── Given information

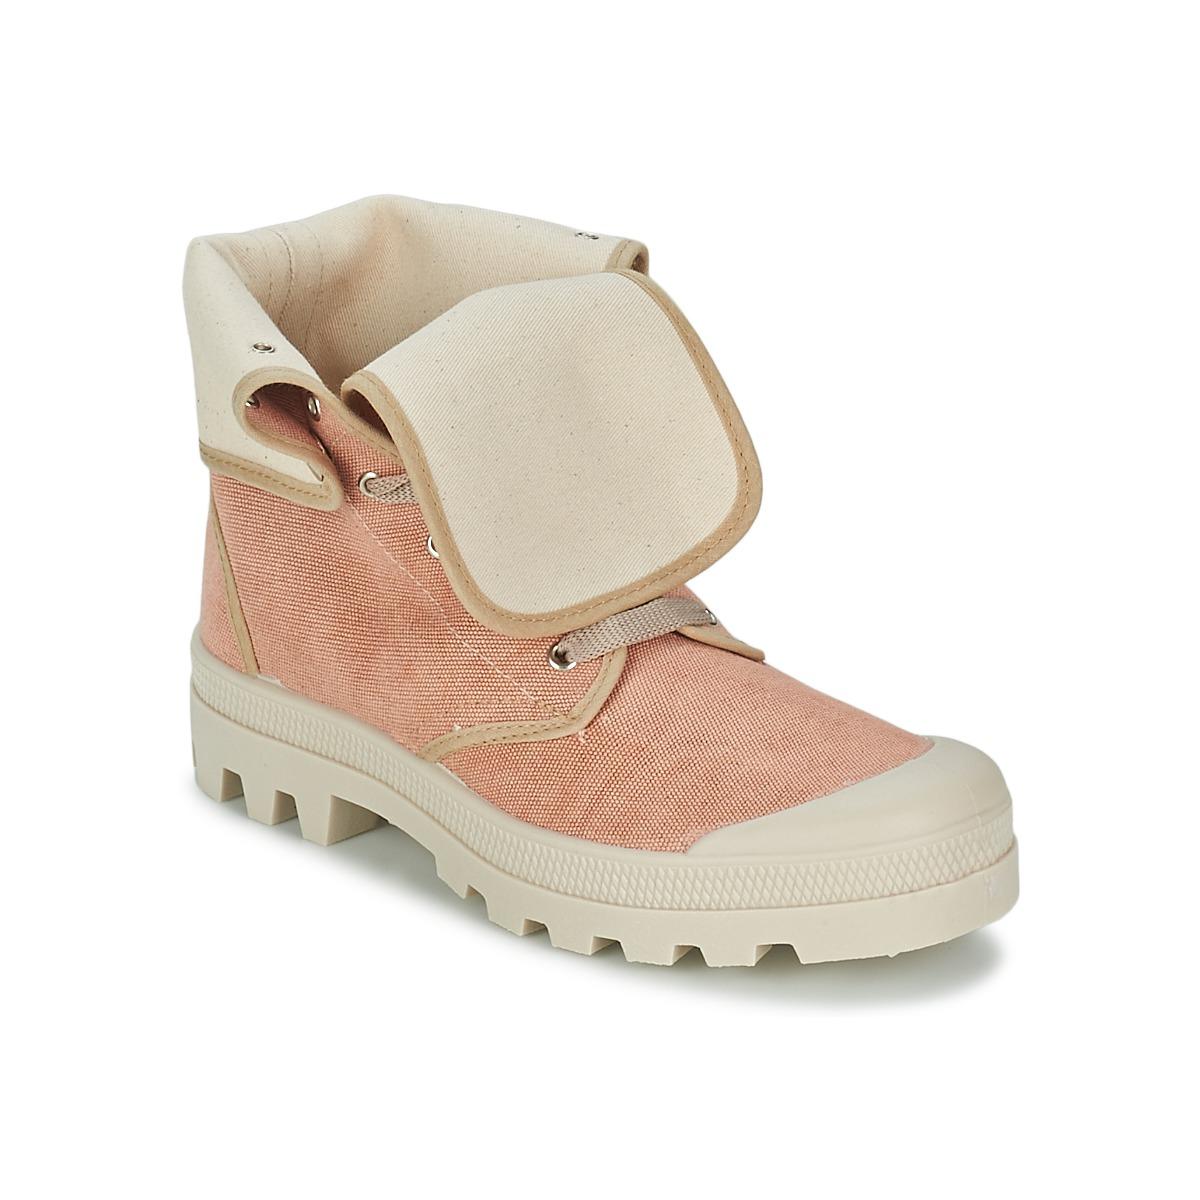 Casual Attitude BOPESSA Rose - Kostenloser Versand bei Spartoode ! - Schuhe Sneaker High Damen 32,99 €
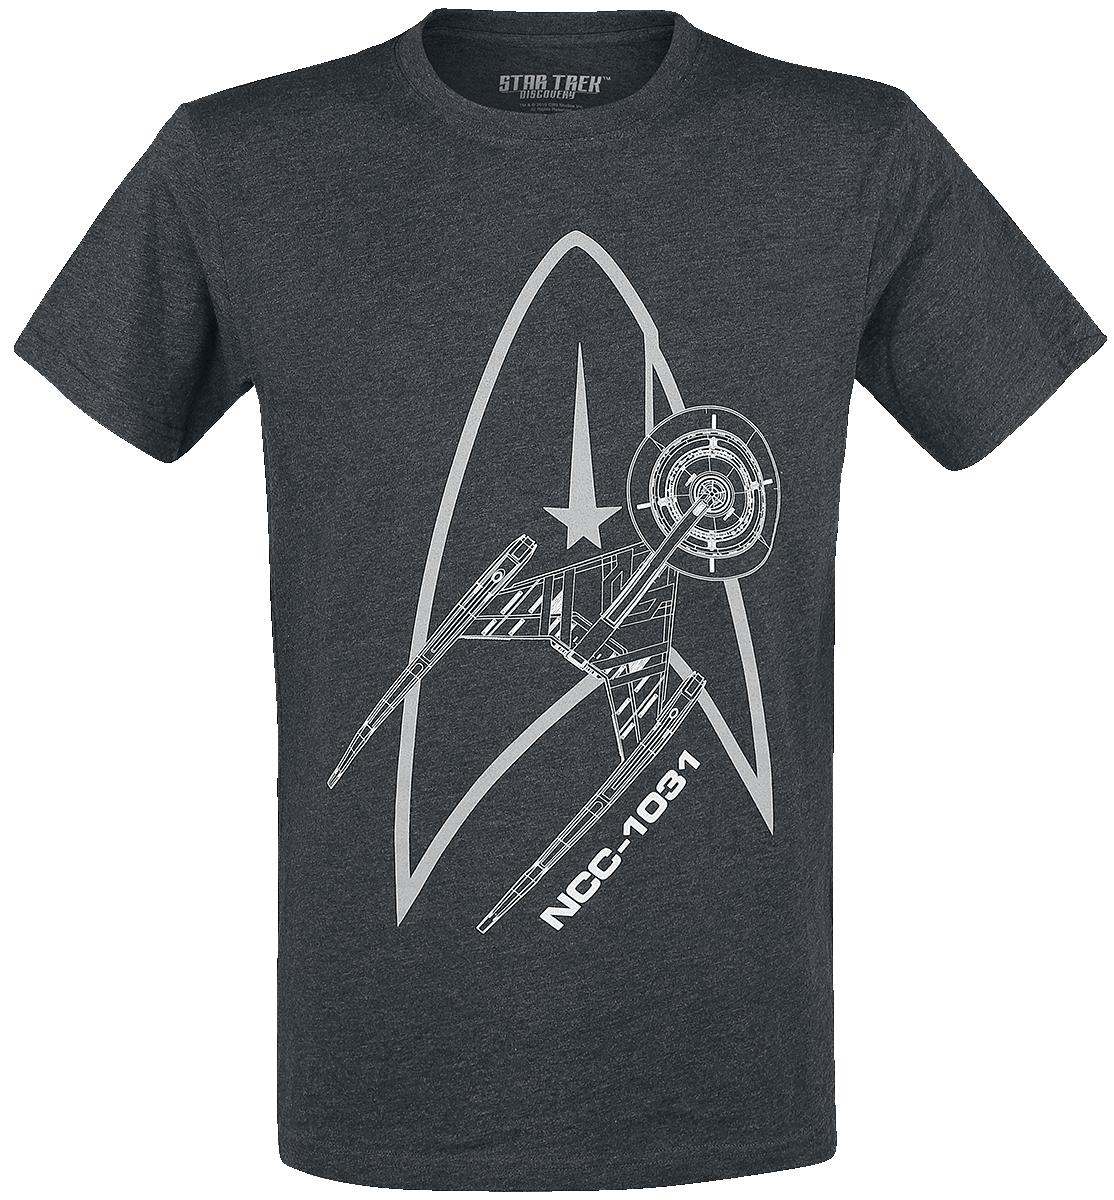 Star Trek - Discovery - NCC 1031 - T-Shirt - charcoal image
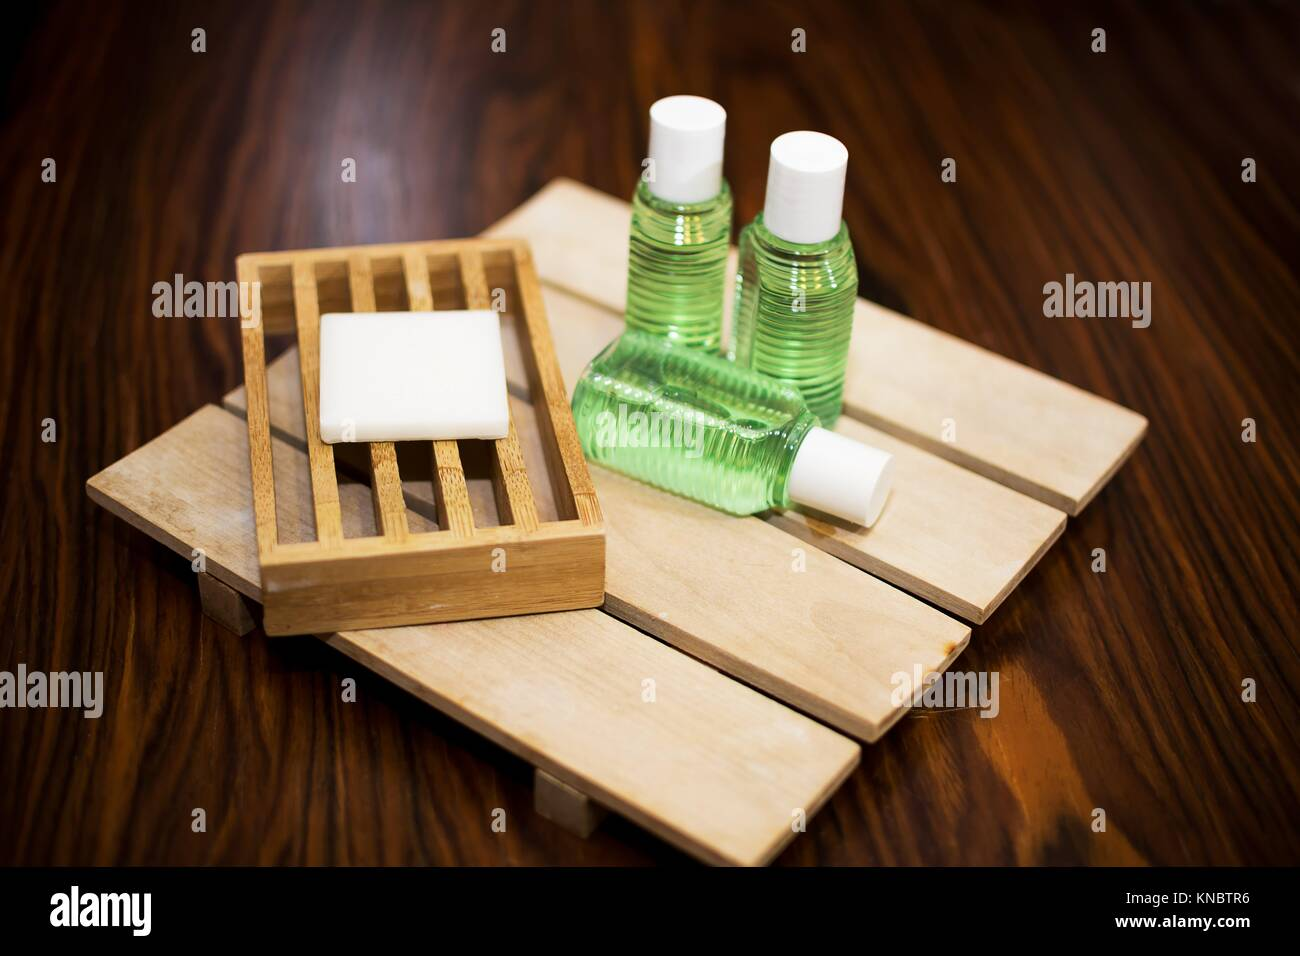 Hotel Bathroom Shampoo Soap Stock Photos & Hotel Bathroom ...

────

Work required
In the answer, the data should reappear exactly, with no pictures.

Exercise response
 Casual Attitude BOPESSA Rose - Kostenloser Versand bei Spartoode ! - Schuhe Sneaker High Damen 32,99 €
 Star Trek - Discovery - NCC 1031 - T-Shirt - charcoal image
 Hotel Bathroom Shampoo Soap Stock Photos & Hotel Bathroom ...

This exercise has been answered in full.